The Commission on Parliamentary Reform was an independent group, established in October 2016 by Ken Macintosh, the Presiding Officer of the Scottish Parliament. It is chaired by John McCormick and published its report, with recommendations, on 20 June 2017.

==Background==
When the Scottish Parliament was set up in 1999, a Consultative Steering Group developed some of the parliamentary structures and procedures. Changes in technology since the Parliament was formed have affected how civil society engages with it. Macintosh’s predecessor Tricia Marwick had also tried to look at how the parliament functioned.

==Remit and schedule==
The Commission was asked to consider how the Parliament scrutinises legislation, how the committee system functions and the extent of the parliament's independence from the Scottish government.

The commission met for first time on 7 November 2016. In January the committee took evidence from two former Labour First Ministers Jack McConnell and Henry McLeish. The Commission will publish its report, with recommendations to the Presiding Officer, on Tuesday 20 June 2017 at 10.00 am.

==Commission membership==
John McCormick was announced as chair, ahead of his retirement from the Electoral Commissioner for Scotland in December 2016.
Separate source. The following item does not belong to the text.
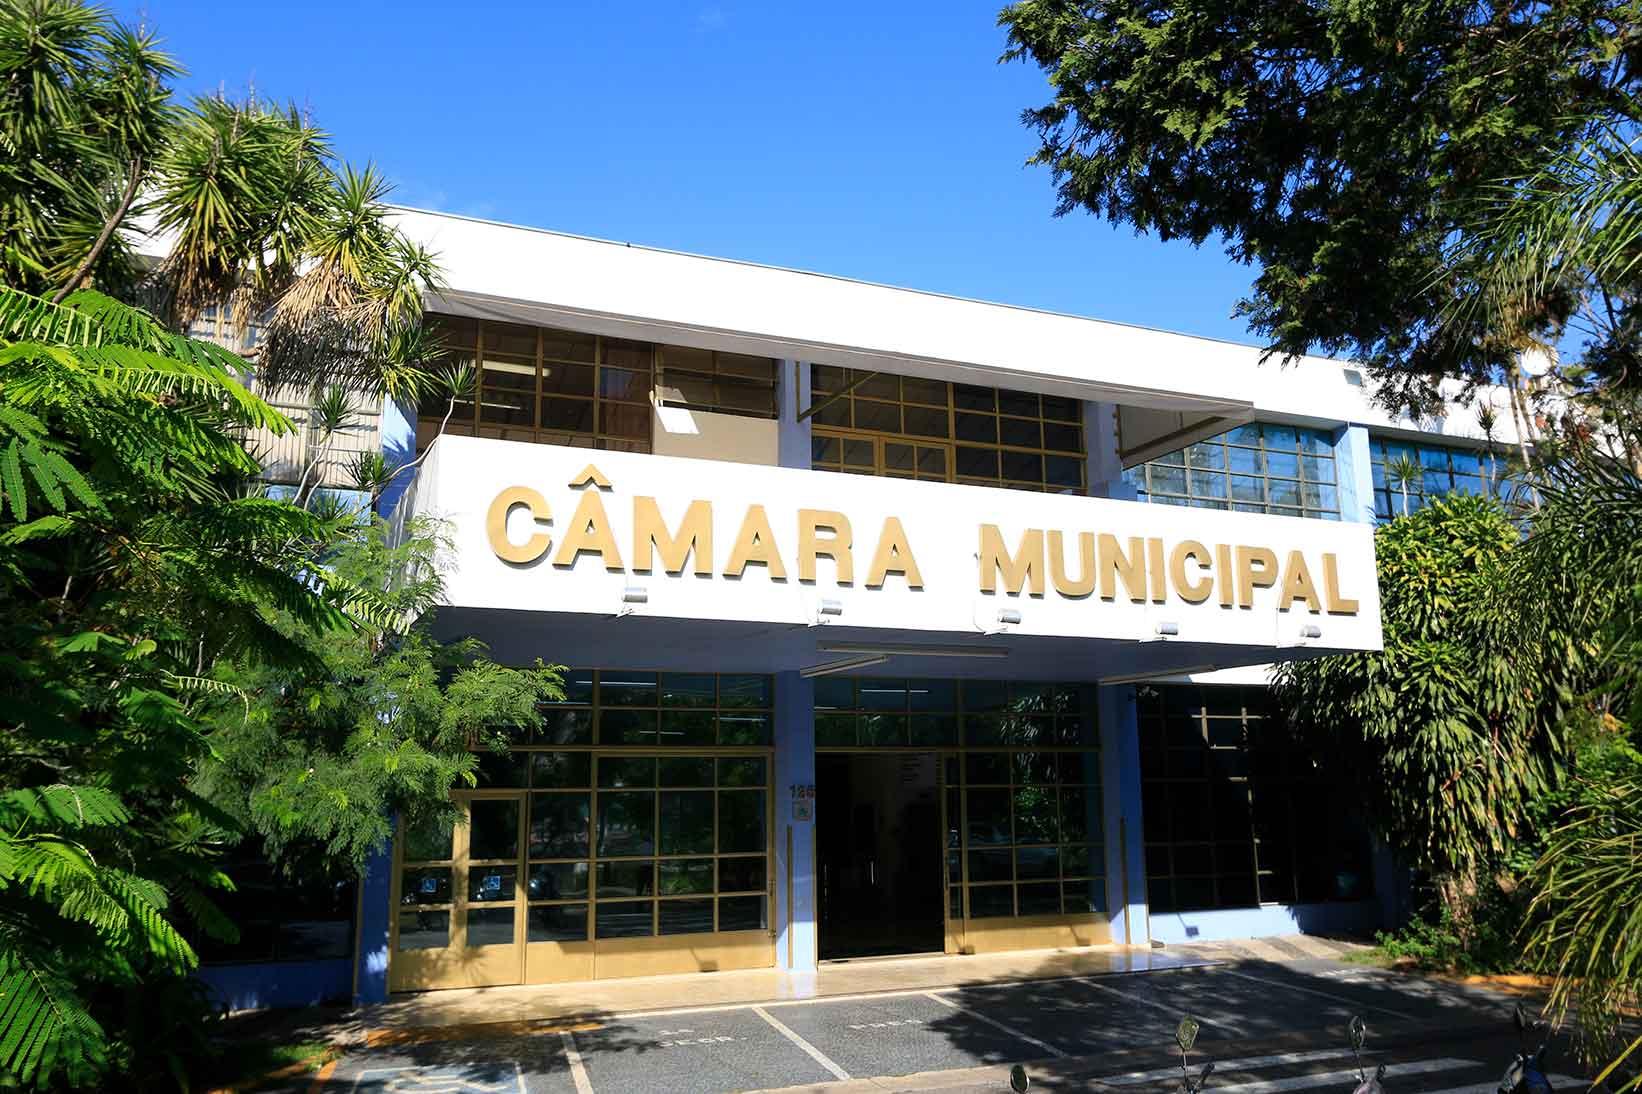 Câmara Municipal de Bragança Paulista-fachada-_mg_2201-bx
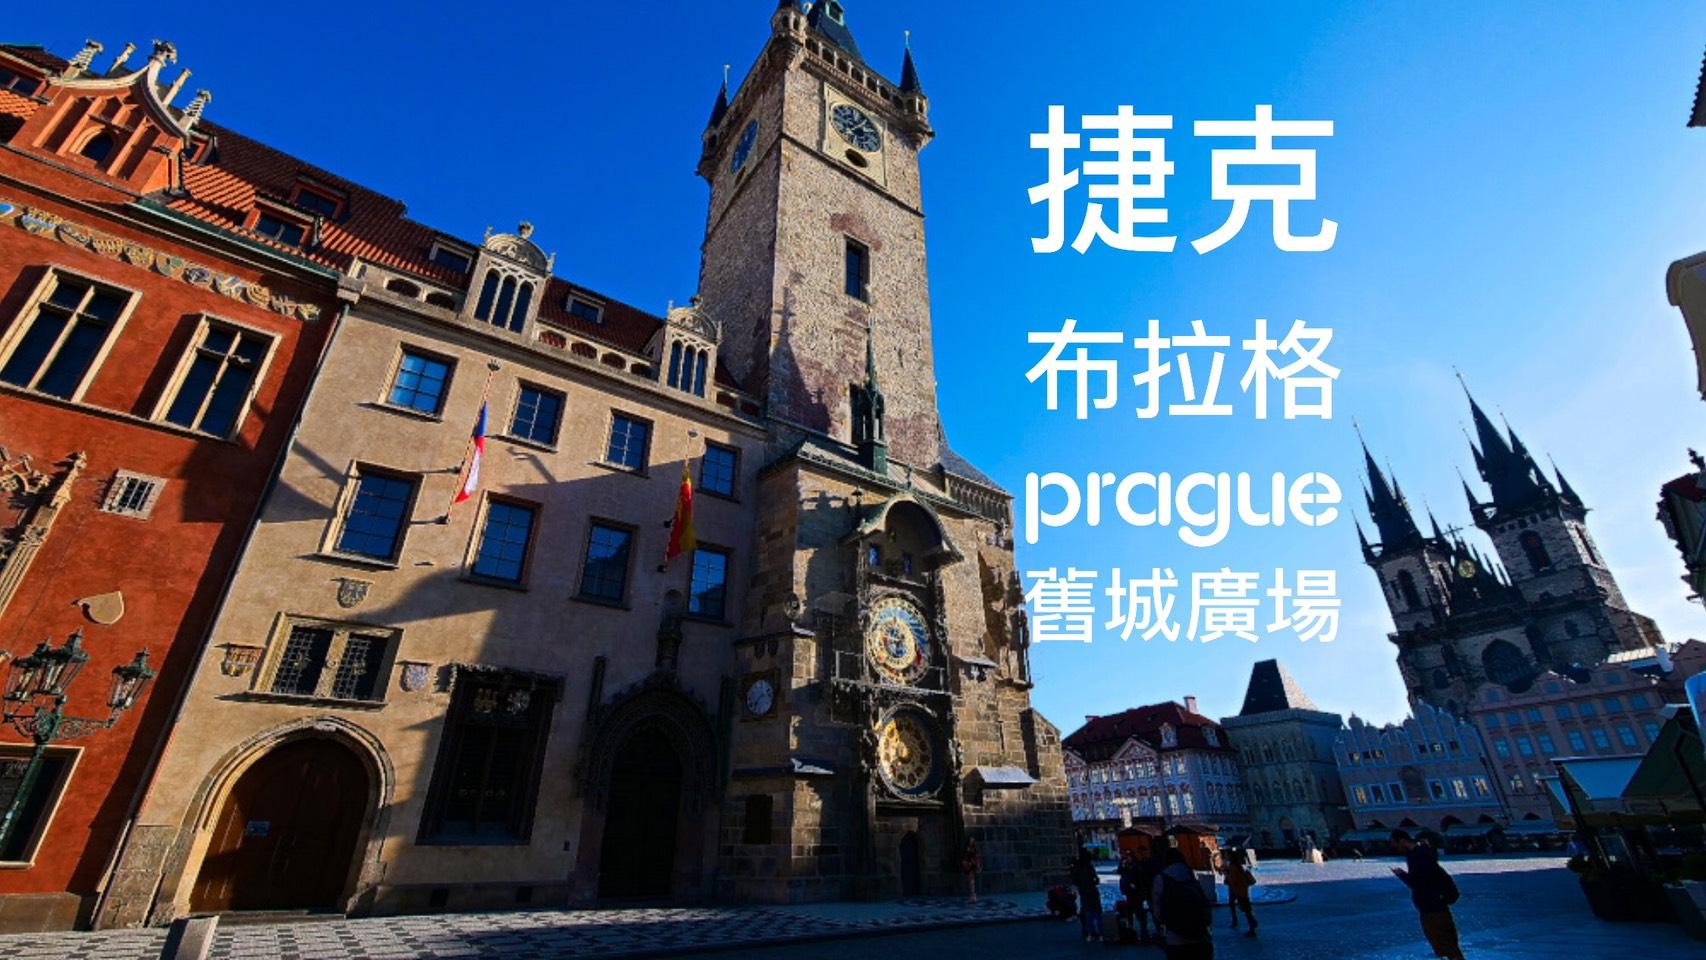 捷克 ▪布拉格PRAGUE🔶 舊城廣場 六個地標打卡點 布拉格天文鐘、一分鐘屋 、舊城廣場、老城的清晨最美 住宿 I

Other members of the commission were:
- Katie Burke MSYP
- Pam Duncan-Glancy, disability, equality and human rights activist
- Very Rev Dr Lorna Hood, former Moderator of the General Assembly of the Church of Scotland
- Geoff Mawdsley, director of Reform Scotland
- Professor Boyd Robertson, Principal of Sabhal Mòr Ostaig, UHI, the National Centre for Gaelic Language and Culture

The commission had support from all the party leaders in the Scottish Parliament. The members nominated by their parties to sit on the commission are:
- Fiona McLeod, former Scottish National Party MSP
- Jackson Carlaw, Scottish Conservative and Unionist Party MSP
- Johann Lamont, Scottish Labour MSP
- John Finnie, Scottish Green Party MSP
- Jeremy Purvis, former Scottish Liberal Democrats MSP (October-December 2016)
- John Edward, Scottish Liberal Democrats, former Head of the European Parliament Office in Scotland (January-June 2017)

==Recommendations==
There were recommendations around the effective use of chamber time, included ceasing the practice of using scripted diary questions from party leaders to open First Minister's Questions (FMQs). The report suggested scrapping the requirement for selected questions to be published ahead of the session and granting the Presiding Officer the power to rule out questions "which do other than seek to genuinely scrutinise the minister".